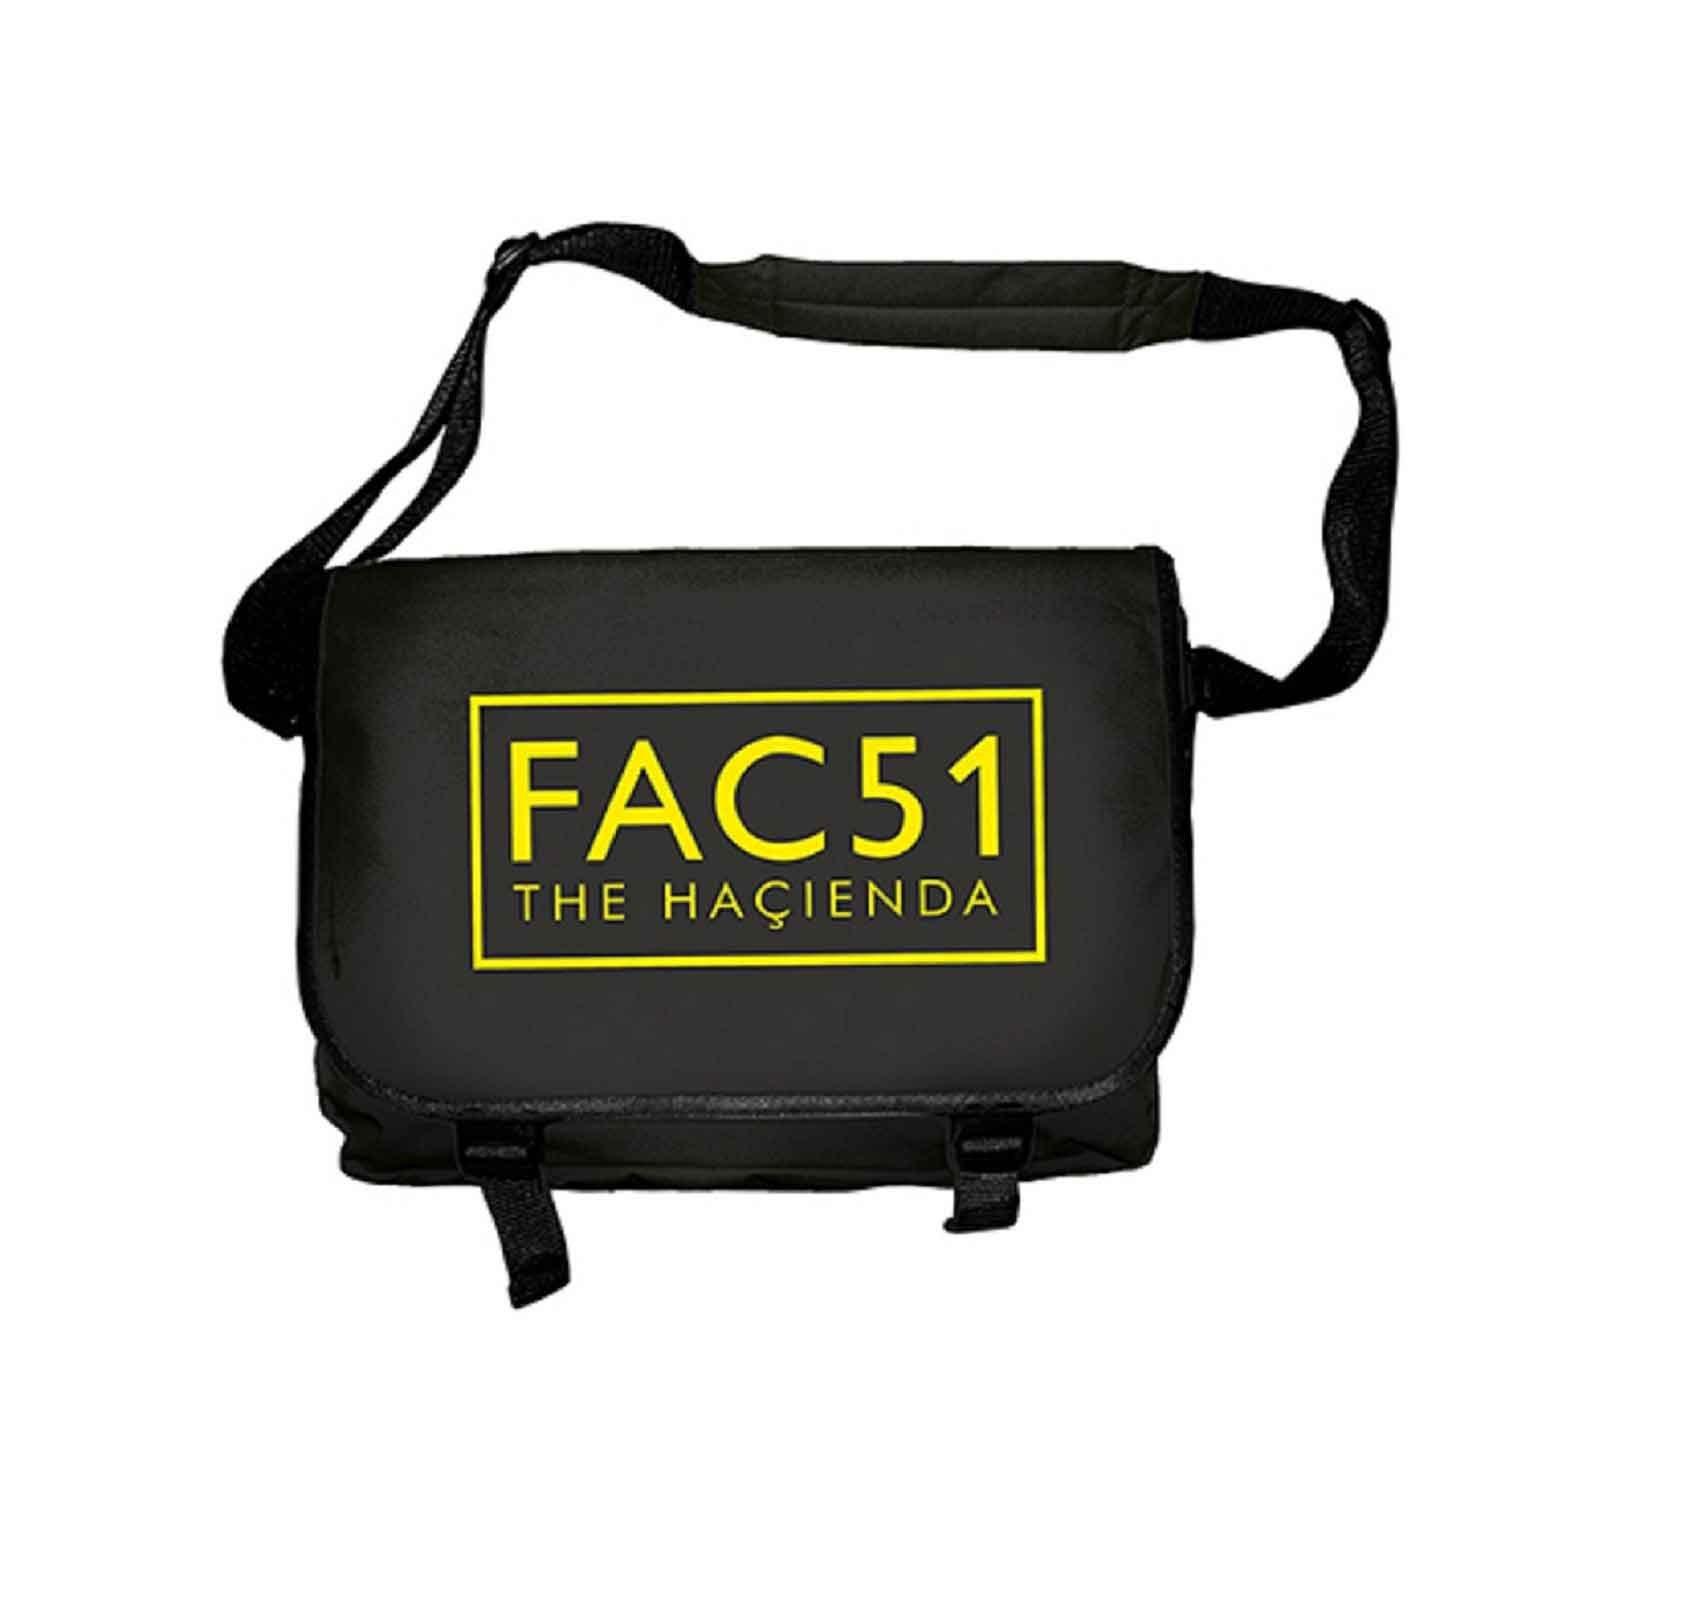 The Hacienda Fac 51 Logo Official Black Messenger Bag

•••••

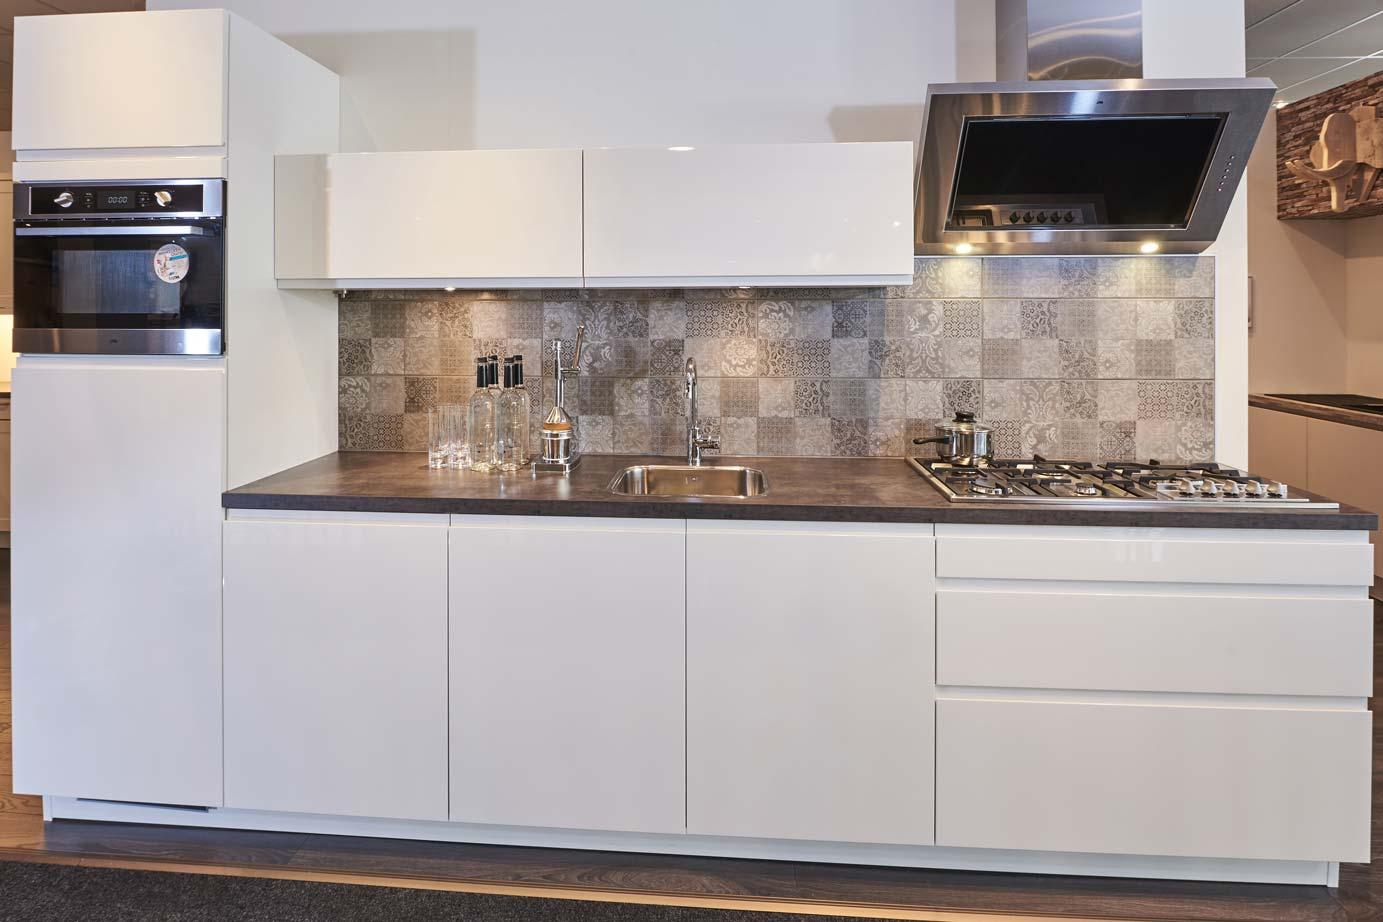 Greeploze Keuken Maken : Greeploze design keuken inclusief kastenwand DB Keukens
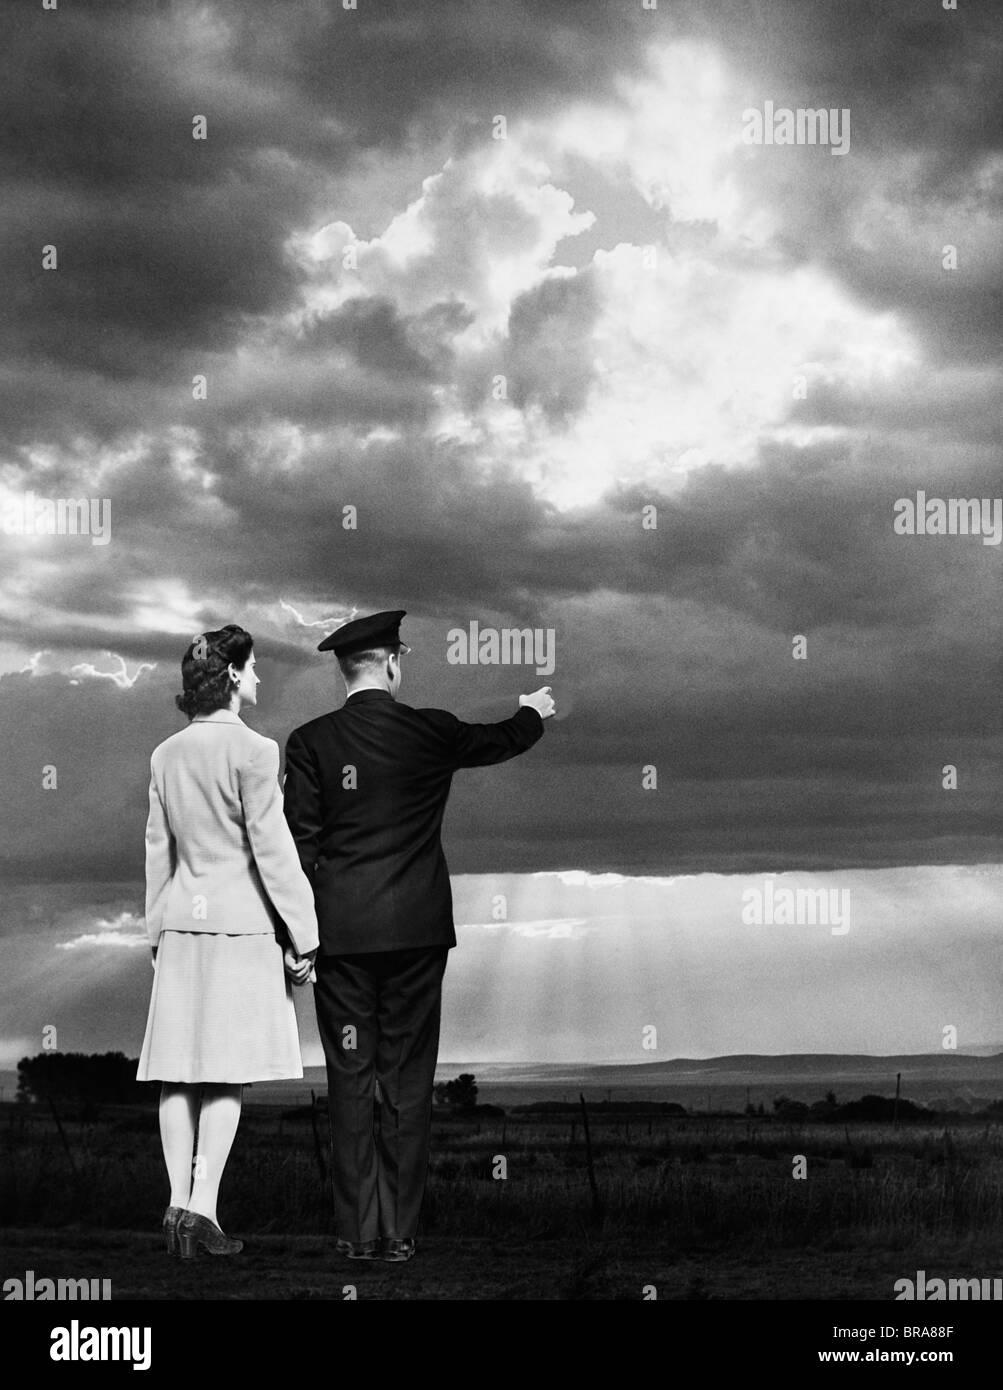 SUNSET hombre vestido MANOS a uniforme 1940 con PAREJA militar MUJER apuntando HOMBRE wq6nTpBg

•••••

Task brief: Nothing but the lines above, starting at the line that contains "Greeploze Keuken Maken" and ending at the line that contains "SUNSET hombre vestido", should be given again, exactly and without the pictures.

Exercise response:
 Greeploze Keuken Maken : Greeploze design keuken inclusief kastenwand DB Keukens
 SUNSET hombre vestido MANOS a uniforme 1940 con PAREJA militar MUJER apuntando HOMBRE wq6nTpBg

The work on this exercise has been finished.